### Microsoft Interview Questions

These Are one of the Microsoft Interview Questions, if you attended Microsoft interview recently, please share you interview questions with us through comments or mail them at kchaitanyya@gmail.com

1. What are your interests? ( as in academics/topics)

2. Given a string, search it in a set of strings (say among 1000s of string). What data structure would you use to store those 1000 strings and get the results fastest?

`Answer:I answered hash tables but he said suggest a better      one.He said suggest a better one and then gave me one      Tree sort of DS and then asked me to compare the two.`

3. Reverse a linked list?

4. Find if there is a loop in a linked List?

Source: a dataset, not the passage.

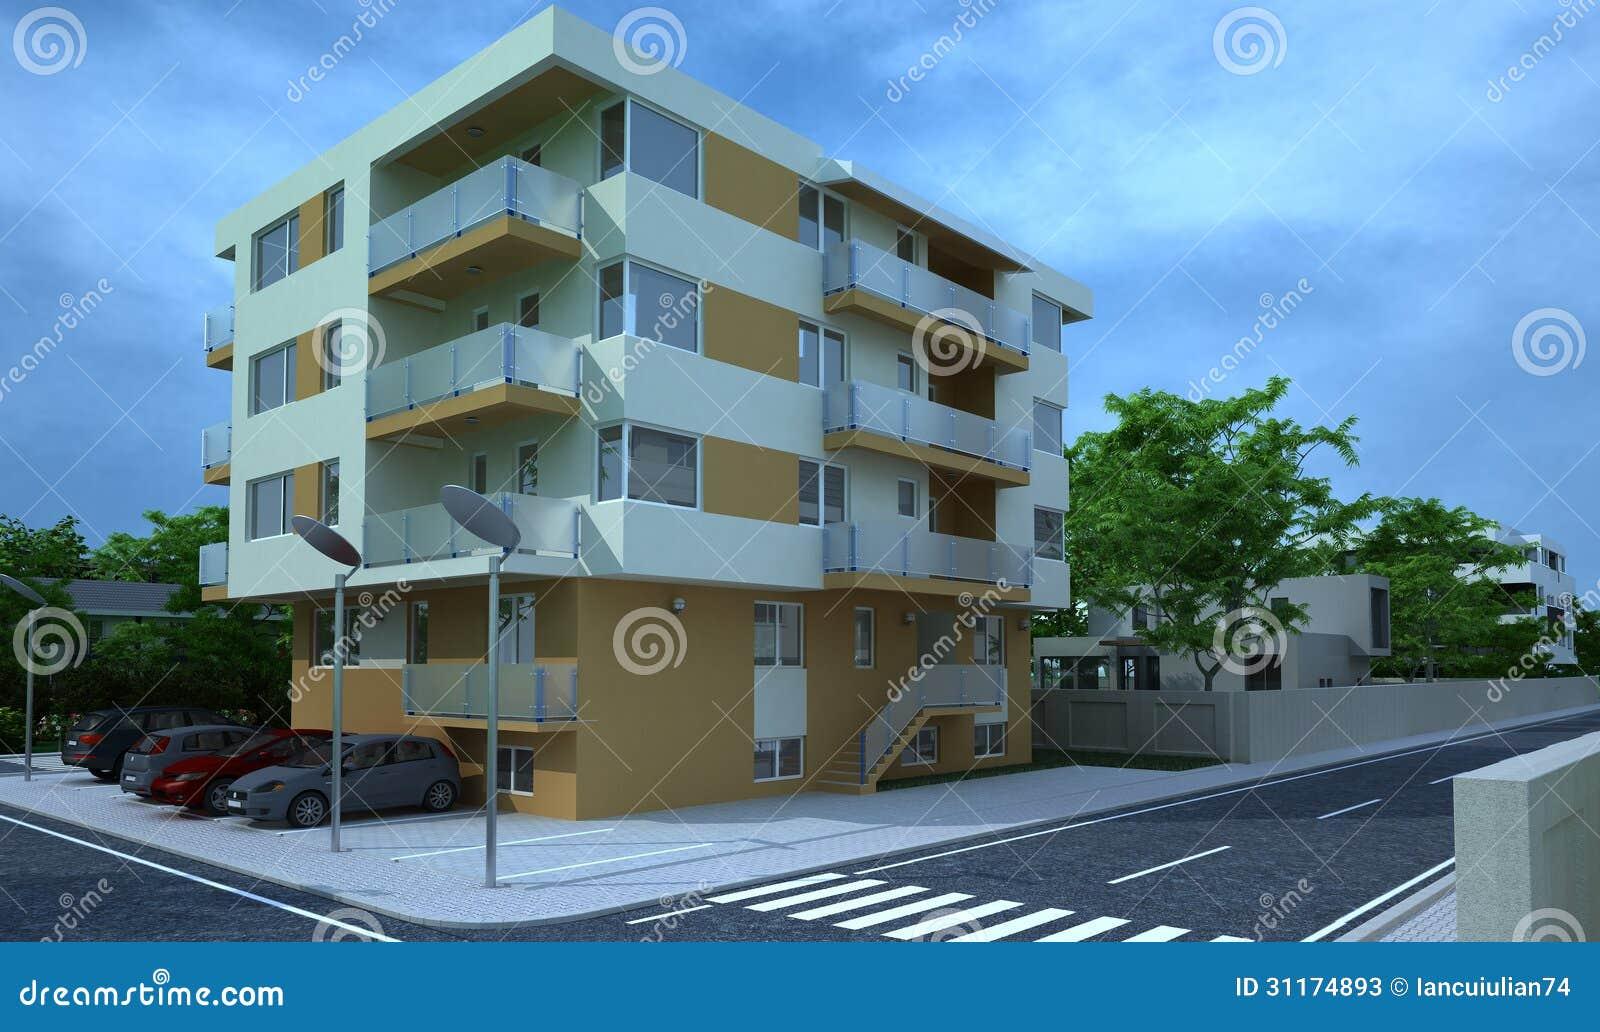 B timent ext rieur rendu de conception architecture for Photos architecture batiment

5. Given two arrays of numbers, find if each of the two arrays have the same set of integers ? Suggest an algo which can run faster than NlogN ?

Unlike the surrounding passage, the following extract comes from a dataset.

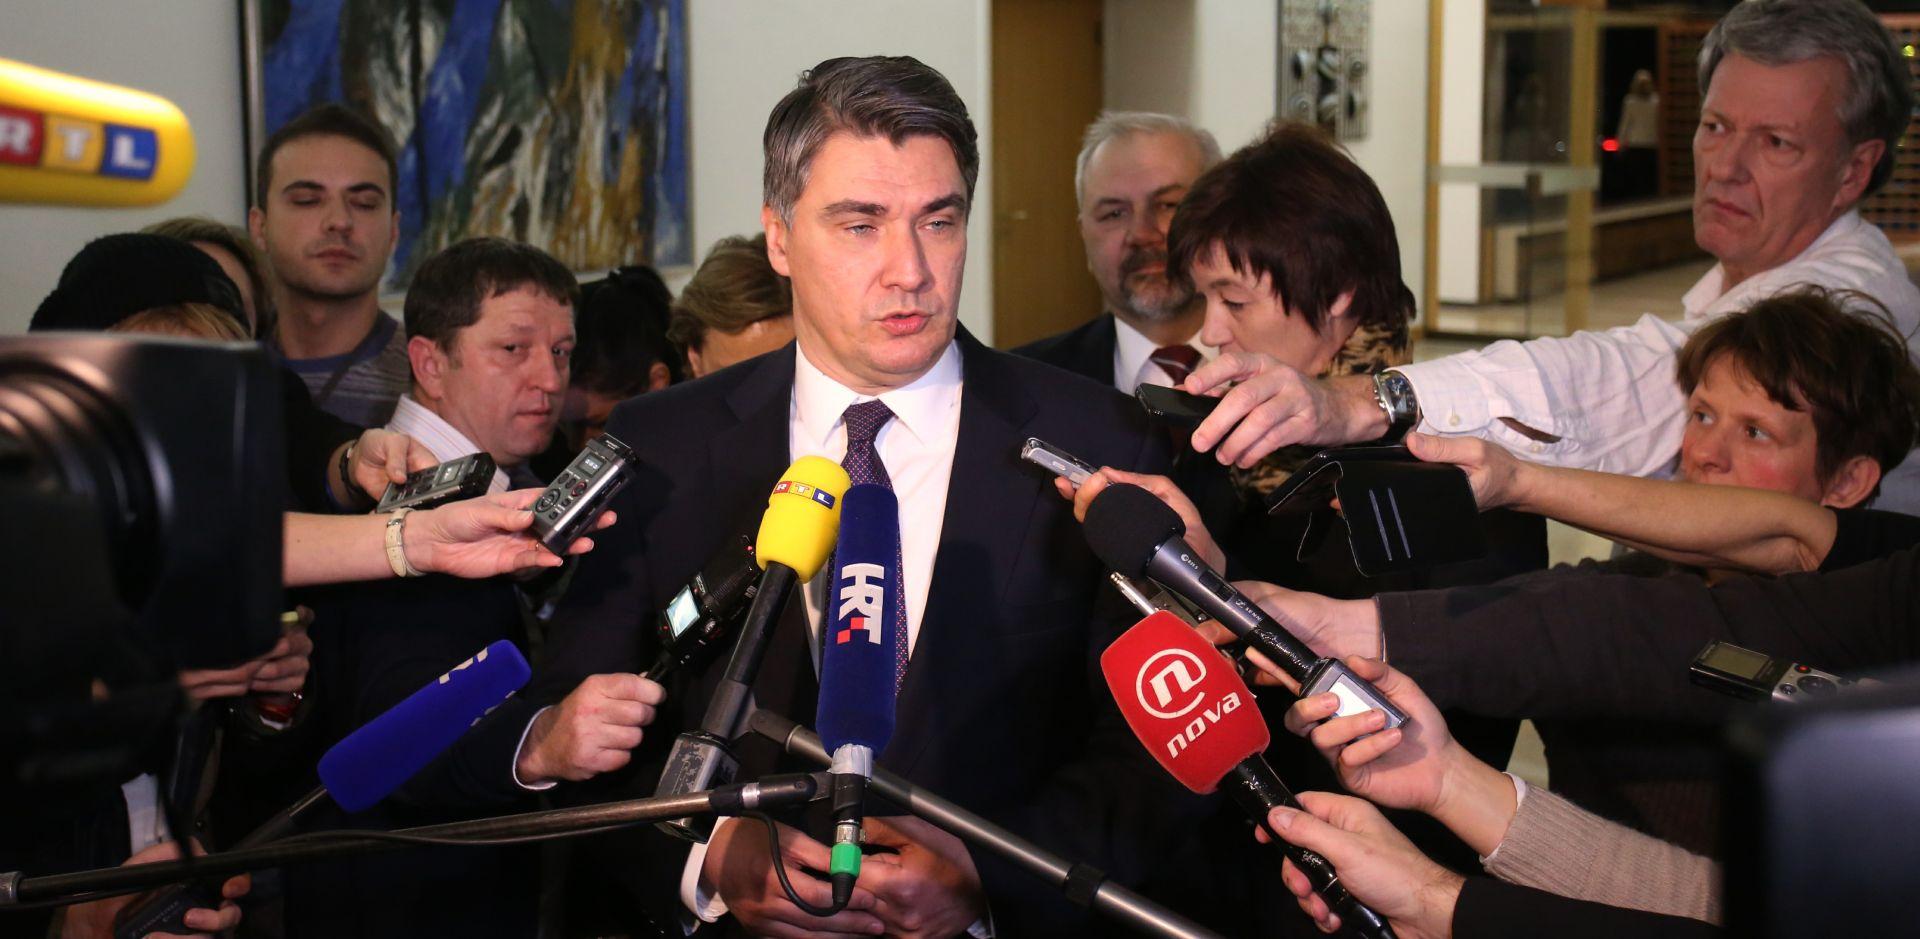 Milanović: Nemamo dovoljan broj glasova, nastavljamo razgovore s Mostom

6. Validate a Binary search tree? ( as in the left- right child follow the property )
`  Well i gave a the some weird eg where the struct was not  a Binary tree but if passed through the test will give  positive results.then he asked me to solve for that too.`

The interviewer gets a bit serious with each stage. He will test ur work for all possible set of inputs.

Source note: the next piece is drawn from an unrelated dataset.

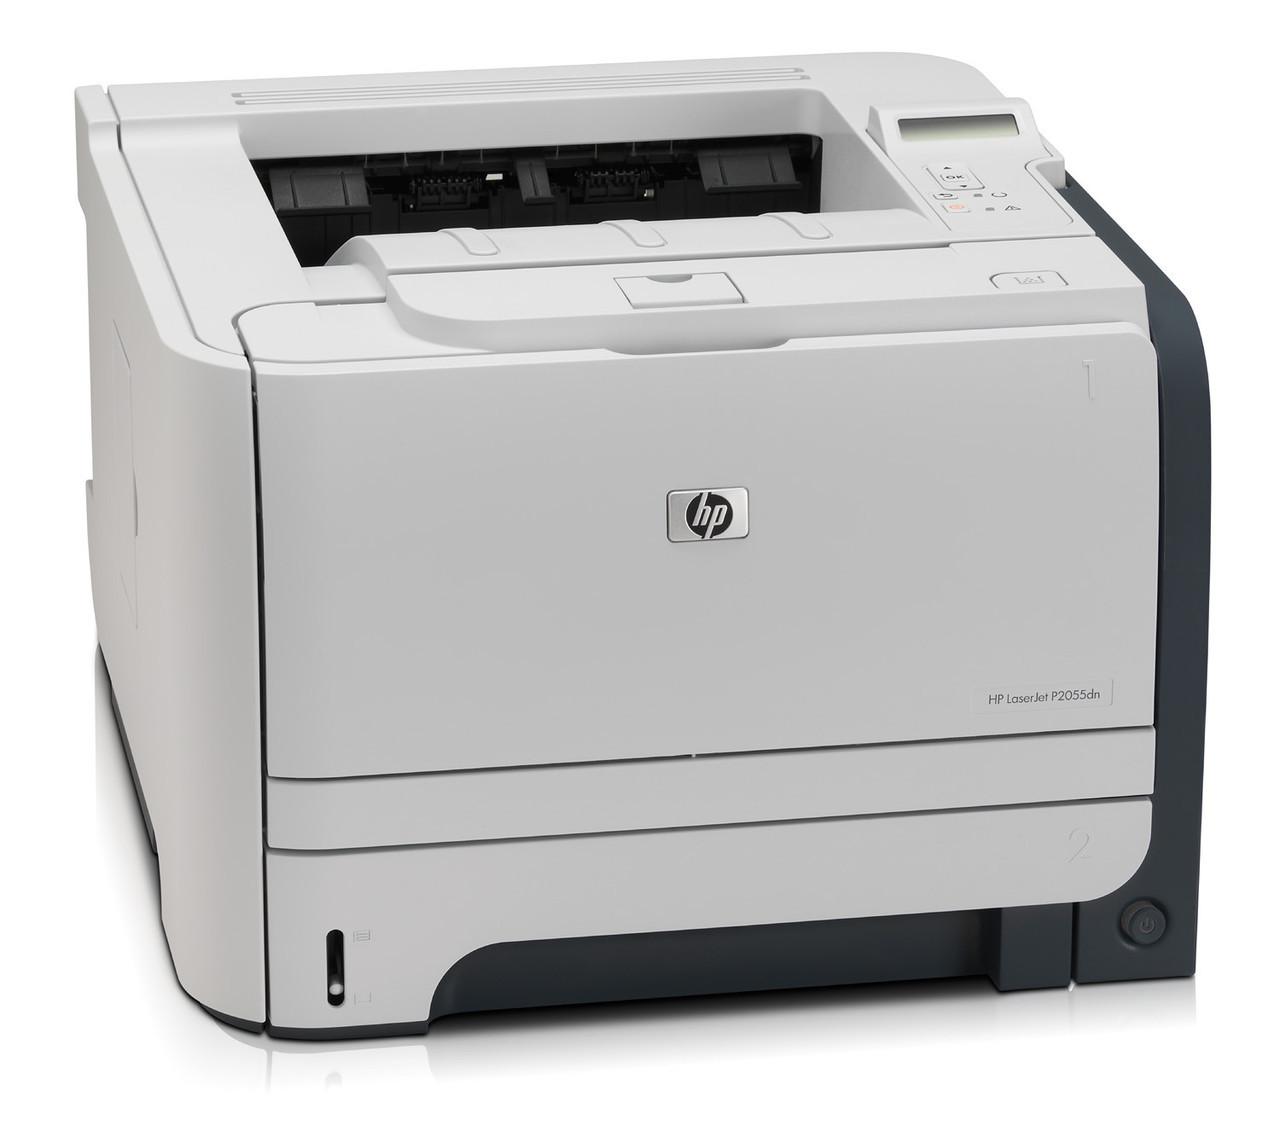 HP Laserjet P2055D - CE457AR - HP Laser Printer for sale

Prologue: Well in my case he started with how they require not only a programmer but a designer and coder who writes perfect code.

1. Write a routine that takes input as a string such as
`          "aabbccdef" and o/p "a2b2c2def"     or          "a4bd2g4" for "aaaabddgggg"`

write it perfectly as if it should ready to be shipped after you code it.

2. In the same Question (q1) why will u o/p "abc" for the i/p "abc" instead of "a1b1c1" ?

3. Given a NxN matrix with 0s and 1s. now whenever you encounter a 0 make the corresponding row and column elements 0.

Flip 1 to 0 and 0 remains as they are.

for example
1 0 1 1 0
0 1 1 1 0
1 1 1 1 1
1 0 1 1 1
1 1 1 1 1

results in

0 0 0 0 0
0 0 0 0 0
0 0 1 1 0
0 0 0 0 0
0 0 1 1 0

1. Some Questions on the projects listed on your resume?
`     For me some Qs on DB Lock Manager?`

2. Given 2 set of arrays of size N(sorted +ve integers ) find the median of the resultent array of size 2N.
(dont even think of sorting the two arrays in a third array , though u can sort them. Try something better than order N ..order LogN )

3. Given 1000 bottles of juice, one of them contains poison and tastes bitter. Spot the spoiled bottle in minimum sips?

4. Whats the difference b/w a thread and a process? are Word and PowerPoint different processes or threads of a single process?

5. How does a spell checker routine (common to both, word and PowerPoint) used? I mean is the code copied 2 times for each of the processes in the main memory, if they are different processes or how is it used if they are threads.

1. HEY

EXCELLENT!!

2. While the interviewers are going to ask
to see code, they also want (as I would)
to see your thought processes as you write
the code. Let's pick question 2:

> Given 2 set of arrays of size N (sorted
> positive integers) find the median of the
> resultant array of size 2N.

Clearly you could combine these two arrays
into a single array, sort, and pick the
middle element. This requires additional
array space of size 2N and sorting this
larger array can be done in O(n log n). But
the aim is likely to find the most efficient
solution:

First, state your assumptions:

1. There may be duplicate integers.
2. The arrays A1 and A2 are sorted.
3. You can compare <, =, >

Second, you need to define what the median
value is. Since the total number 2N of
elements is even then define the median of
2N elements to be an element from either A1
or A2 that is greater than or equal to N
elements in the combined array and lesser
than or equal to N elements in the combined
array. This means you will some ambiguity
because if all elements are distinct then
there are indeed two distinct elements that
could be selected as the median value.

Third, try to identify useful test cases
that will show your algorithm in practice,
and validate you have the right
implementation.
The following test cases come to mind:

A1={1,2,3,4,5}, A2={10,11,12,13,14}, M=5
A1={1,2,3}, A2={1,2,3}, M=2
A1={1,3,5}, A2={2,4,6}, M=3
A1={1,2,9,10}, A2={3,4,7,8}, M=4
A1={1,7,17,90}, A2={2,7,8,9}, M=7

The last test is interesting. Note that the
median value of each of the individual
Arrays is 7 and this is the final median of
the combined array! This is the best case
scenario. But then I'm struck by the
following idea: Since both arrays are
already sorted, you can "mark" the smaller
of the two first elements (if they are the
same mark both of them). Let's call this
operation "compare-and-mark". Once done,
advance (in one array or both) to the next
unmarked entry. And repeat until N numbers
are marked. These N numbers are the smallest
N numbers from the resulting set. This
computation has actually determined the
median, given our definition earlier. So
once N numbers are marked, we choose the
largest of these N numbers, which is a simple
comparison between the largest marked number
in A1 against the largest marked number in A2.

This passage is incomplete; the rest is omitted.